#### AVAILABLE DATA ####

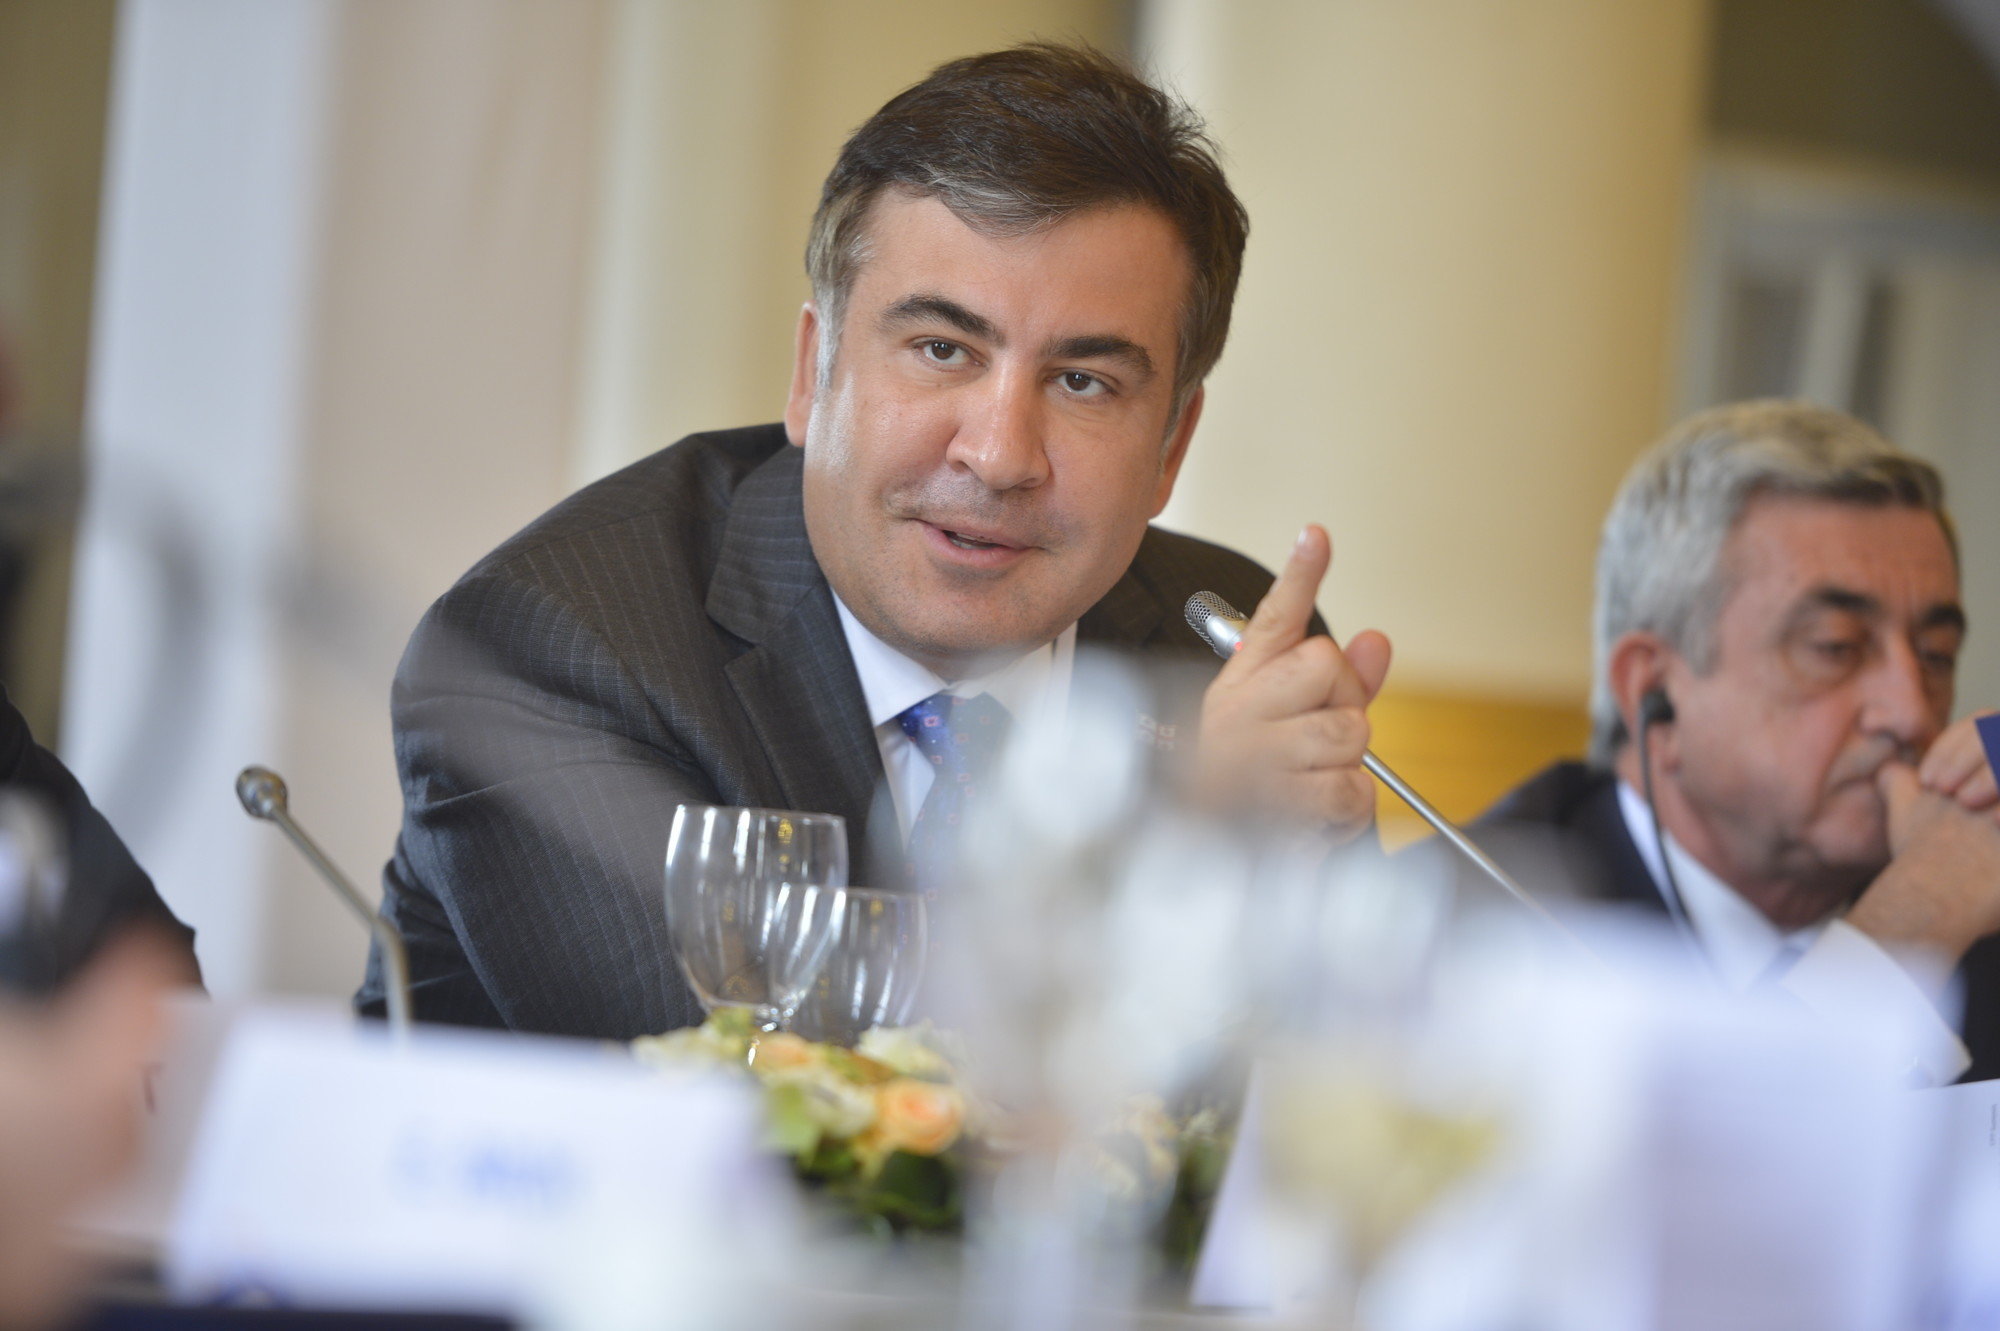 Идеи судебной реформы Саакашвили. Насколько это серьезно?
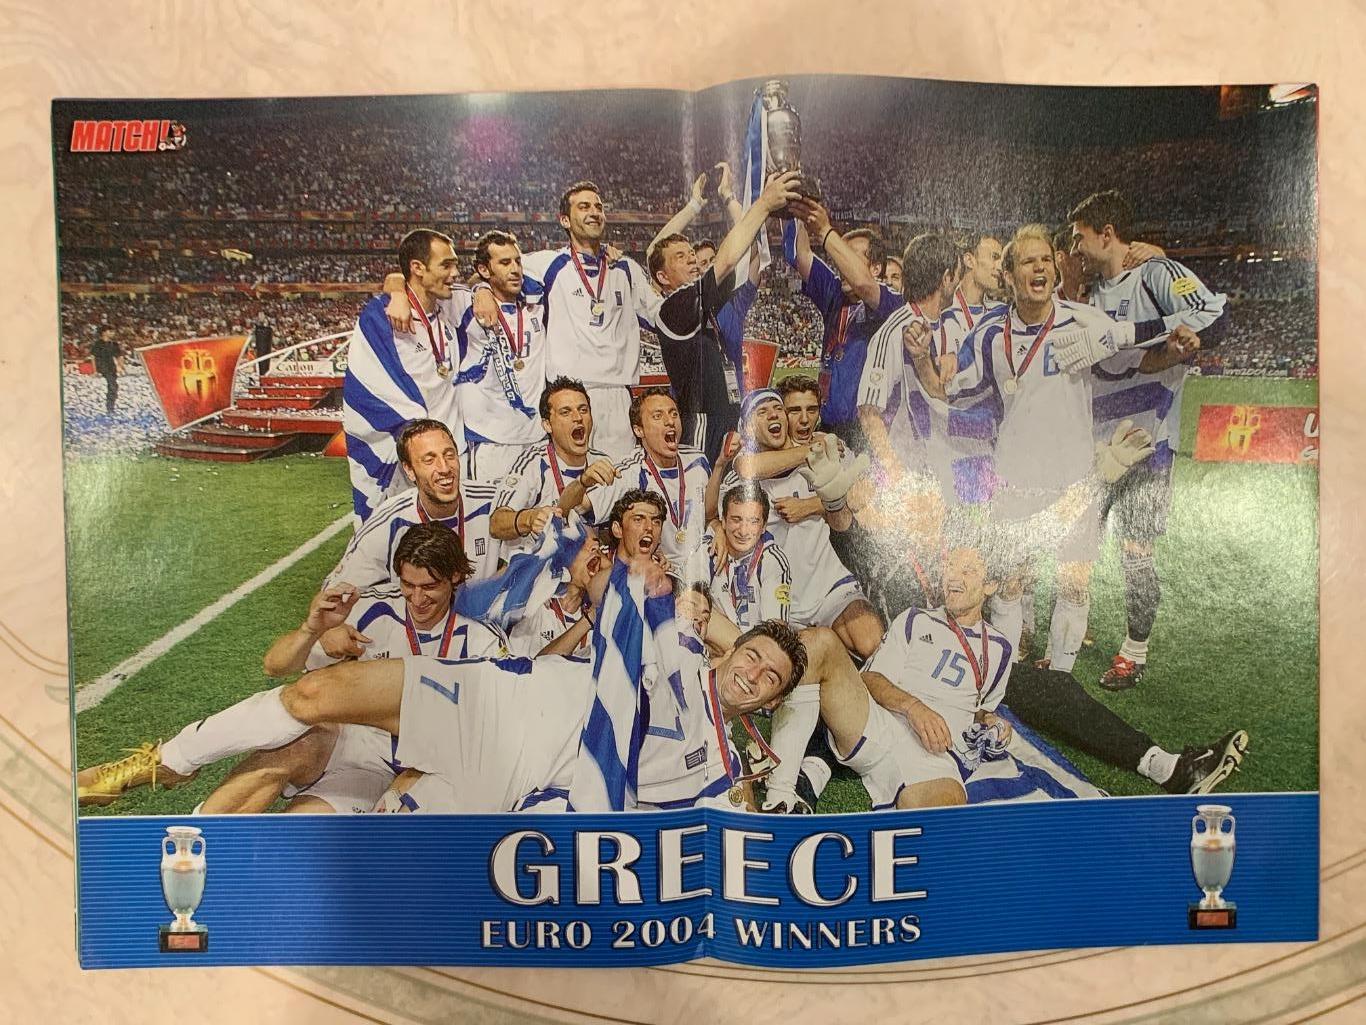 Match победительчемпионата Европы 2004 Греция 1
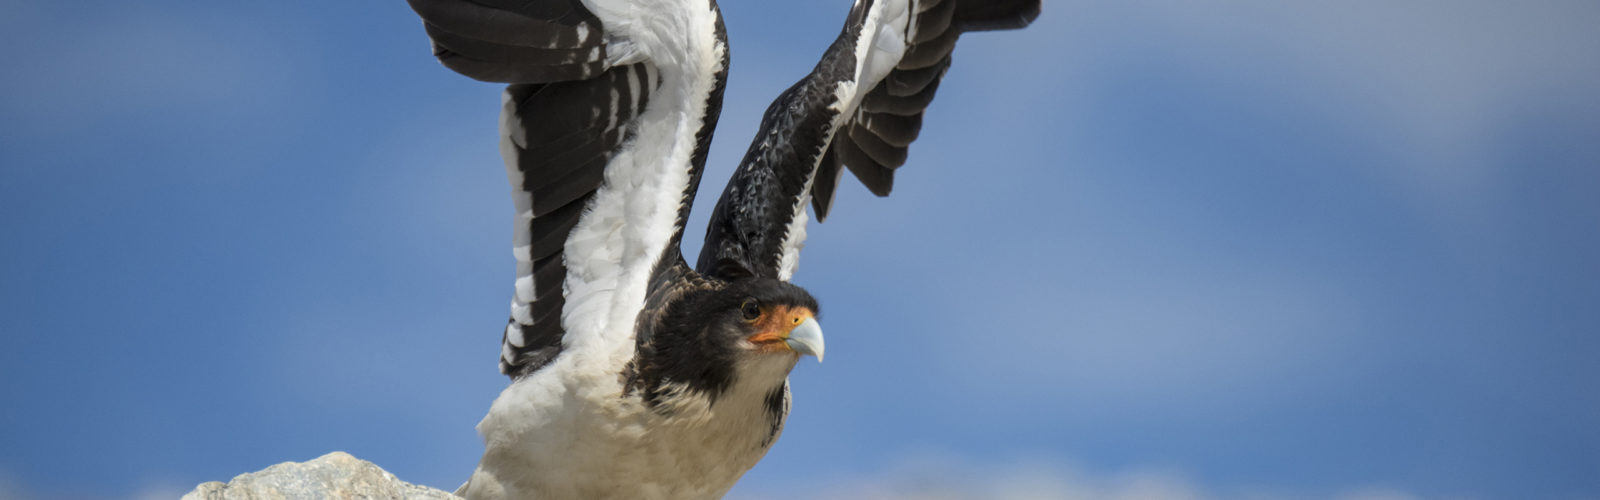 patagonia-bird
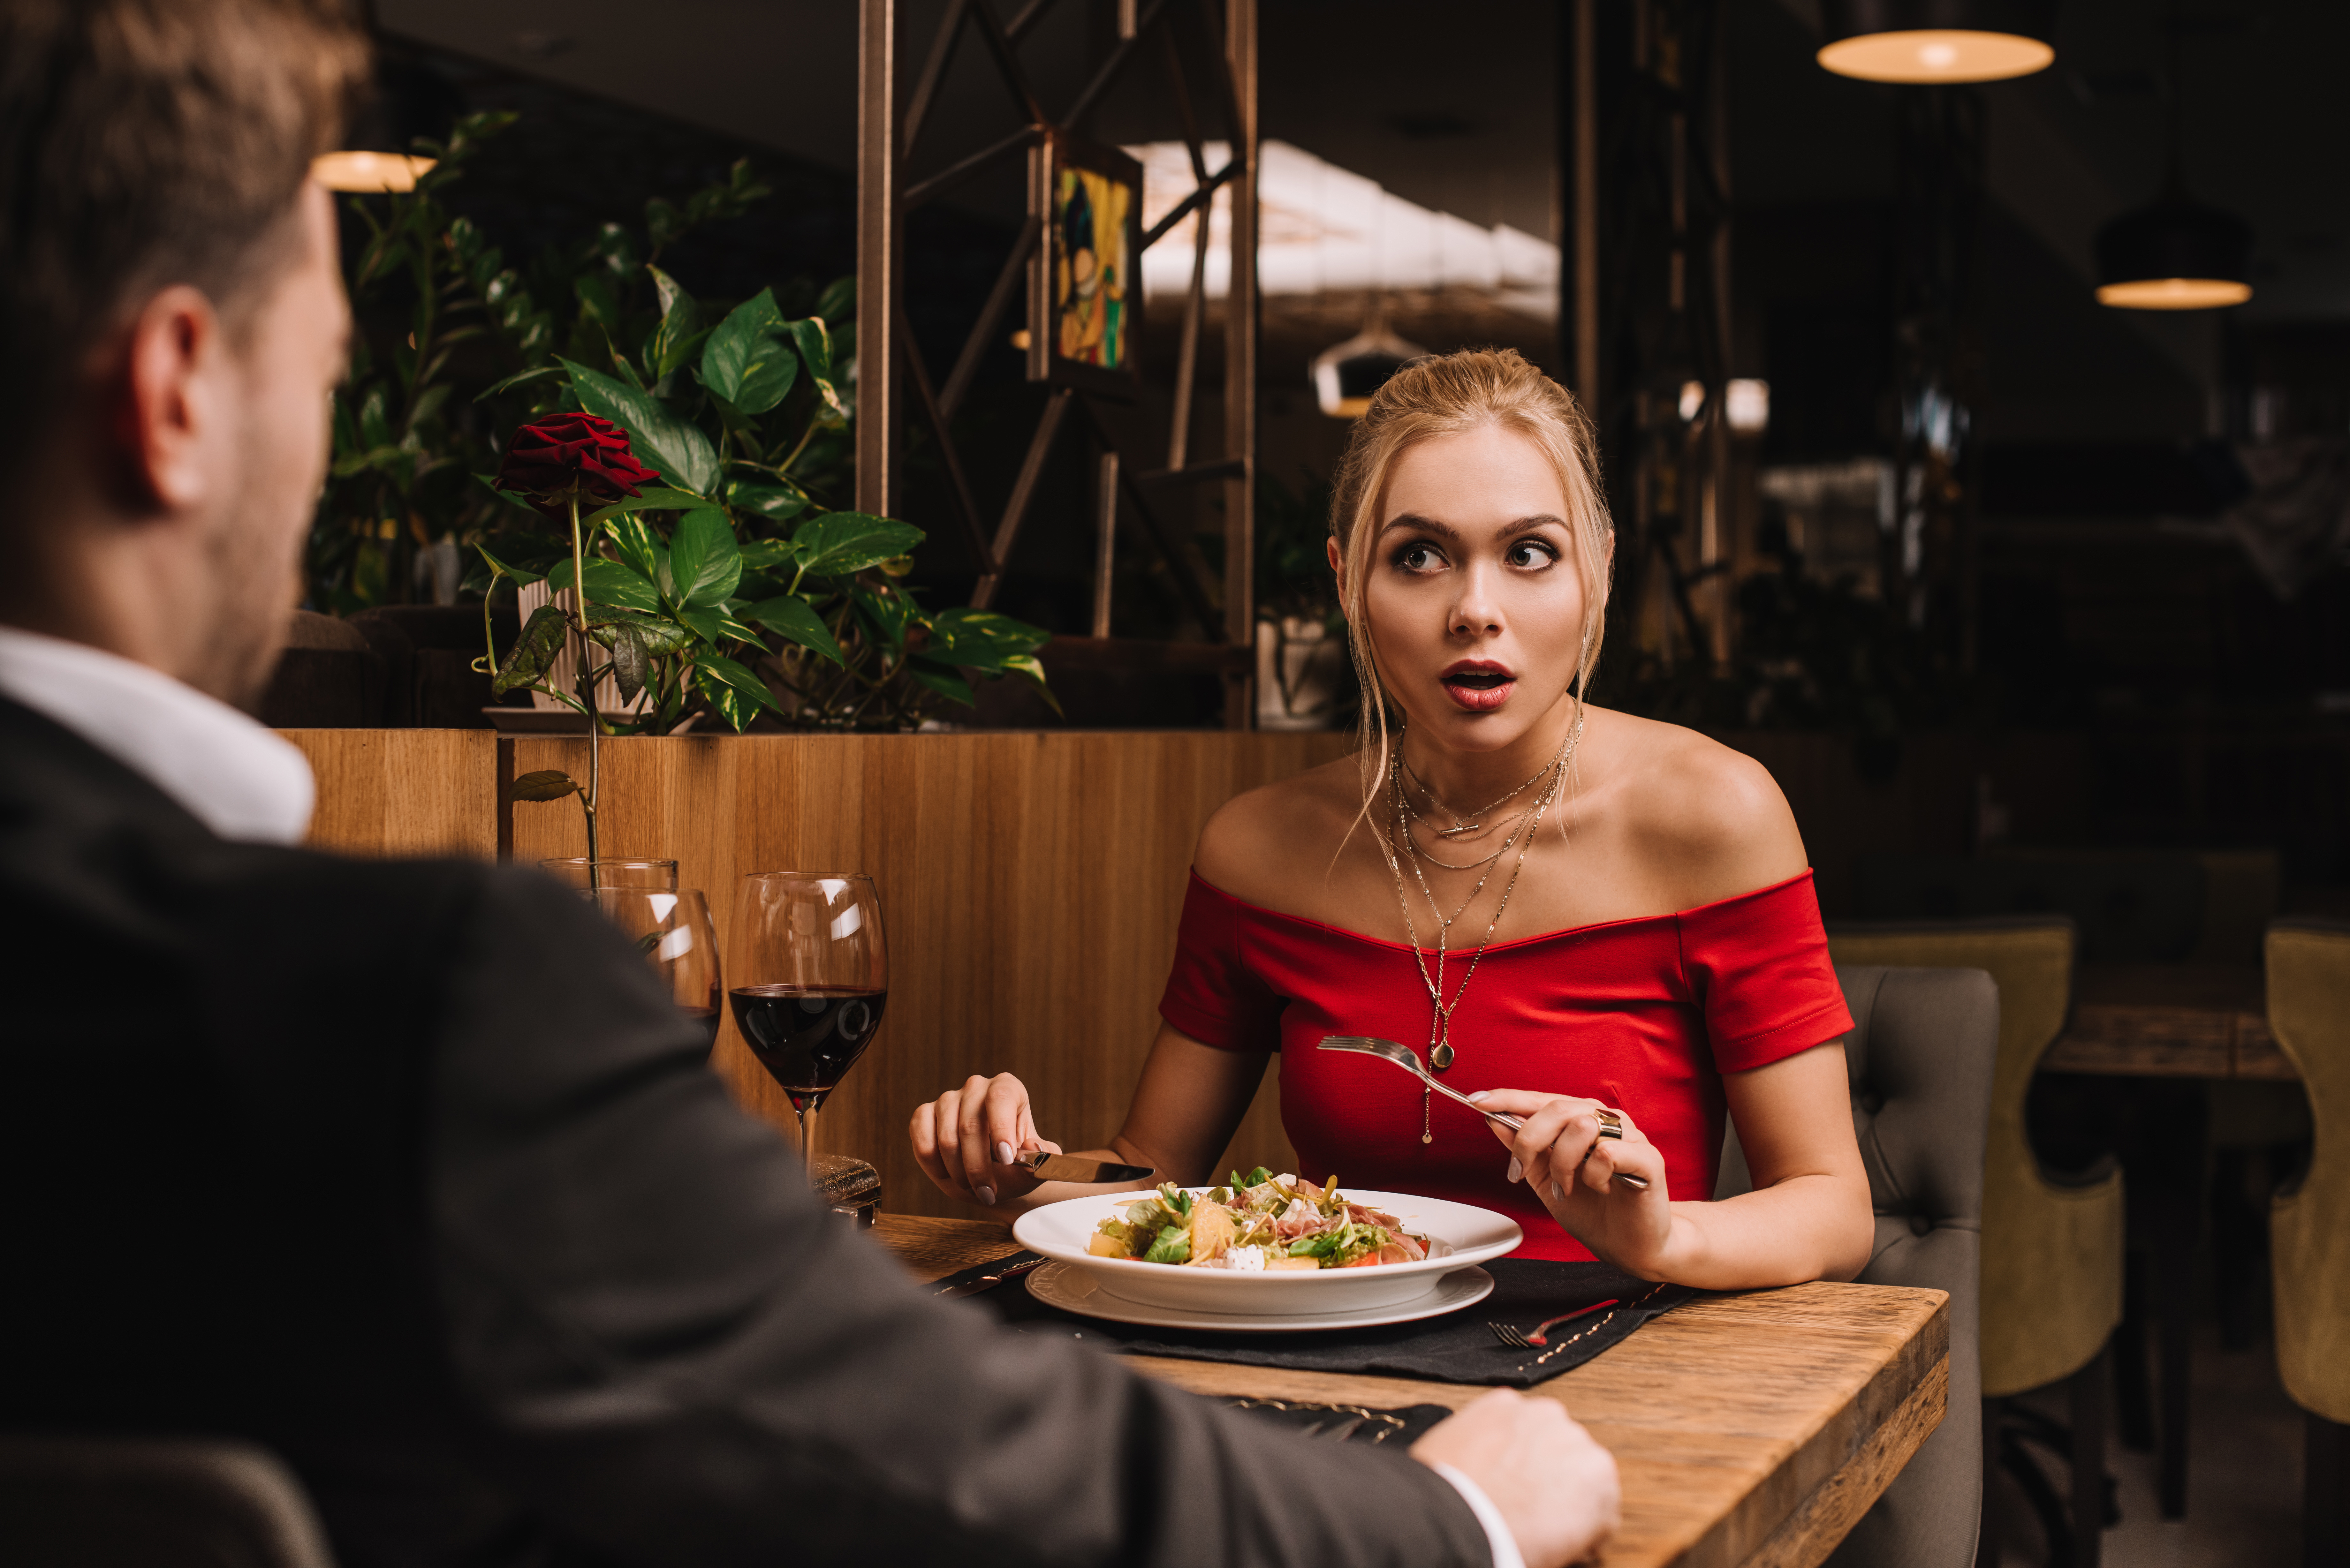 Eine junge Frau schaut den Mann beim Abendessen schockiert an | Quelle: Shutterstock

####

Each line of the data above is to be output exactly; the pictures are not to appear.

[RESULT FOR THIS EXERCISE]
 Идеи судебной реформы Саакашвили. Насколько это серьезно?
 Match победительчемпионата Европы 2004 Греция 1
 patagonia-bird
 Eine junge Frau schaut den Mann beim Abendessen schockiert an | Quelle: Shutterstock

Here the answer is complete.